Data items
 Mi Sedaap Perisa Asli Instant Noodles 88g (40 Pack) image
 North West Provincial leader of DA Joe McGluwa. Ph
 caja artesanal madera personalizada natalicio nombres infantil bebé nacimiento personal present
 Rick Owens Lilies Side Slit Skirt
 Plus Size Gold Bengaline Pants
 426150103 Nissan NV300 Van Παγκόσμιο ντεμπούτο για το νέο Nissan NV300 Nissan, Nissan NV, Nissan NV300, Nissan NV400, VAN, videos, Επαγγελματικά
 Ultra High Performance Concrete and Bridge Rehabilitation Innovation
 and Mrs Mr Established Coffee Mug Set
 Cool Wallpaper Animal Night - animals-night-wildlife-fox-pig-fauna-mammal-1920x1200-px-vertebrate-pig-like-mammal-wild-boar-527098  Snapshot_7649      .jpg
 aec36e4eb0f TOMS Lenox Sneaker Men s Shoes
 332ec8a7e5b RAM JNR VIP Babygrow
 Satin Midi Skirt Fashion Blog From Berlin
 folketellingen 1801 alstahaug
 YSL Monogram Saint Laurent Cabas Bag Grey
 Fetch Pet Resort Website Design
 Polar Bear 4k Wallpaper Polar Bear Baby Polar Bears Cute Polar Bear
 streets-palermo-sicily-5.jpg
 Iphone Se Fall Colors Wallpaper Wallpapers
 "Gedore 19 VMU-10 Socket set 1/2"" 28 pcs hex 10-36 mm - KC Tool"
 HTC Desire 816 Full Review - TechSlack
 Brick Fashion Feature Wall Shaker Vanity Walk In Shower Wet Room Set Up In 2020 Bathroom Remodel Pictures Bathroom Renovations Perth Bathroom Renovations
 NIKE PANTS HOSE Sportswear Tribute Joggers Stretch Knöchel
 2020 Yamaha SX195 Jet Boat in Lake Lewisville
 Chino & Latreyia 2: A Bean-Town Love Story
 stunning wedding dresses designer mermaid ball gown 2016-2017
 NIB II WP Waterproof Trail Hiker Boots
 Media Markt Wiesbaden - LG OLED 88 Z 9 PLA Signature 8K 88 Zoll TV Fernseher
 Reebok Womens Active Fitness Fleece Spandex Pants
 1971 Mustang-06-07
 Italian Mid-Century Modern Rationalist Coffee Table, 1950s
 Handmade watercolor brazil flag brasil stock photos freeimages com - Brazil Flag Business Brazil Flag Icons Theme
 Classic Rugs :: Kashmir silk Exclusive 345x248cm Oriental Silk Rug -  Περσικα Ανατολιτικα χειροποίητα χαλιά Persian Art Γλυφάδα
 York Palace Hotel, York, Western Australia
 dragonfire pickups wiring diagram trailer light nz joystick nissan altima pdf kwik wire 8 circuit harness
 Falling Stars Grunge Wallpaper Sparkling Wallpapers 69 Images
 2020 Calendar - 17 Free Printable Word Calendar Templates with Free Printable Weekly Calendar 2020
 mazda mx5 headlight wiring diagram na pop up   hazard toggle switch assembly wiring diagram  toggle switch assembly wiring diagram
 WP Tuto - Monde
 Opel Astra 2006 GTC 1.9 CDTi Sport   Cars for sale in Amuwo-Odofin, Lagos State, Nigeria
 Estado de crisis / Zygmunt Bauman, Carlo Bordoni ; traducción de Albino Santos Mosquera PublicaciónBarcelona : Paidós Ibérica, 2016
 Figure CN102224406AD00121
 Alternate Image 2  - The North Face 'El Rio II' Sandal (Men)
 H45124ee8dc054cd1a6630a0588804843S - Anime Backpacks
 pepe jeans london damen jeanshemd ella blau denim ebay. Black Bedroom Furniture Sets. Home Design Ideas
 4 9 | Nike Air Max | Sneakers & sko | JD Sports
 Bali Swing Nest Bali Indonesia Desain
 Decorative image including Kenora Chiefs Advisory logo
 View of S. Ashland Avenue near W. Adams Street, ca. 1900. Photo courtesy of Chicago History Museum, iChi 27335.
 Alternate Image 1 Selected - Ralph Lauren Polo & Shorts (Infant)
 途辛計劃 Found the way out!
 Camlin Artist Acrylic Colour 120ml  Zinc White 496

EXERCISE PROMPT: Take each line above that holds the string "Wallpapers" and copy it.

EXERCISE OUTPUT:
 Iphone Se Fall Colors Wallpaper Wallpapers
 Falling Stars Grunge Wallpaper Sparkling Wallpapers 69 Images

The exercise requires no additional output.